Of a great interest in the white-throated sparrow is the identification and fine mapping of chromosomal rearrangements affecting morph-related genes. Thorneycroft [27, 28] first showed that the association between morph and genotype (i.e., the presence or absence of ZAL2m) was absolute. Much later, researchers have shown that the rearrangement of ZAL2/ZAL2m is complex, involving multiple inversions and perhaps linkages with other chromosomes [17, 29, 30]. However, it is still unclear how these rearrangements affect gene function in the two morphs. Characterizing the white-throated BAC library is an essential first step for physical and comparative mapping. Here we focused our study on a number of candidate genes that may be involved in regulating genetic differences between the white and tan morphs (see additional file 2: Targeted Candidate Genes for the list of candidate genes). Each of these genes plays an important role in controlling pathways with significant morphological and behavioral consequences. Importantly, some of them are located on GGA3 and GGA4 and might be directly affected with the intra-chromosomal rearrangements observed in the two morphs. In addition, positive white-throated sparrow BACs that were identified as certain genes or markers are being used in FISH to complete a cytogenetic map for both tan and white morphs of the white-throated sparrow. The FISH mapping will reveal new details about organization and evolution of ZAL2, ZAL3, and other chromosomes in this species and other related Emberizids. Eventually, it will be possible to identify sparrow clones that harbor affected candidate genes critical for regulation and manifestation of qualitative, reproductive and behavioral traits in two morphs. These BAC clones can be sequenced to reveal the DNA variation underlying the striking phenotypic differences between the two morphs. Importantly, BAC clones mapped to ZAL2/ZAL2m and ZAL3/ZAL3a may represent both normal and rearranged chromosomes because a single white female (ZAL2/ZAL2m) was used as a DNA source for the library construction [30]. This library can be used to reveal genomic differences (including breakpoints and affected genes) between the two morphs by BAC end sequence and FISH analyses (e. g. [18, 48, 49]).
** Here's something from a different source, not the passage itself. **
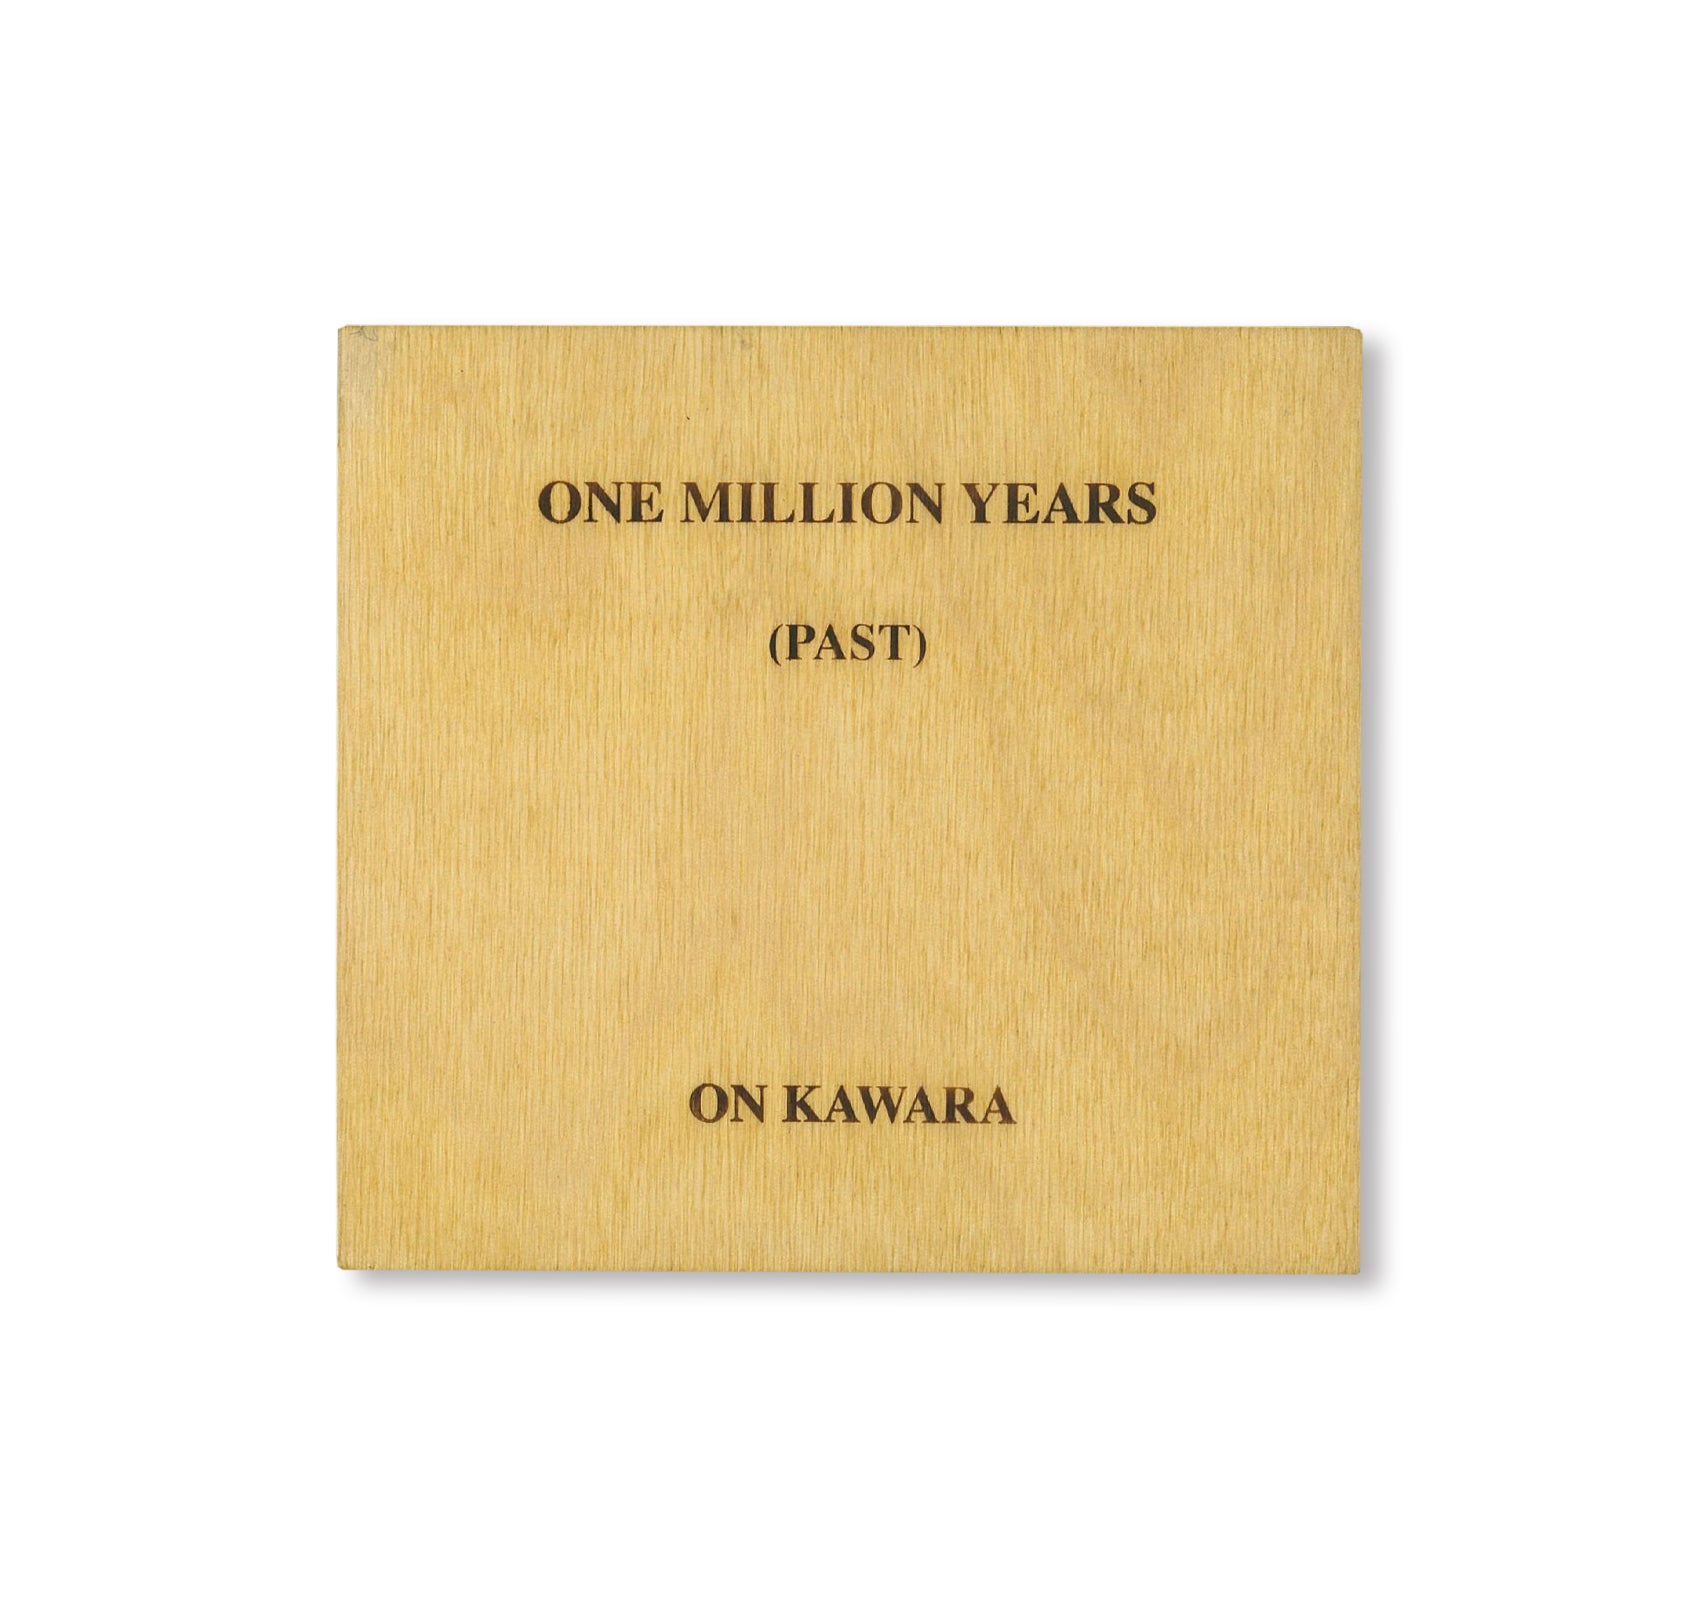 ONE MILLION YEARS (PAST & FUTURE) by On Kawara

A complete understanding of genomes will require both an interdisciplinary, systems-based approach [7, 50] as well as a toolbase that extends far beyond model organisms [6]. Here we show the utility of cross-species overgo hybridization for characterizing BAC libraries of non-model organisms. Unlike other techniques that require sequence information (e.g. [51]), this technique can be accomplished with relatively little starting knowledge of the target genome. The result of such an analysis is a list of relevant genes and markers that can be used for physical mapping, linkage and candidate gene analyses. Furthermore, comparative overgo mapping advances our understanding of biological diversity by facilitating evolutionary comparisons across taxa that have diverged over 100 million years ago.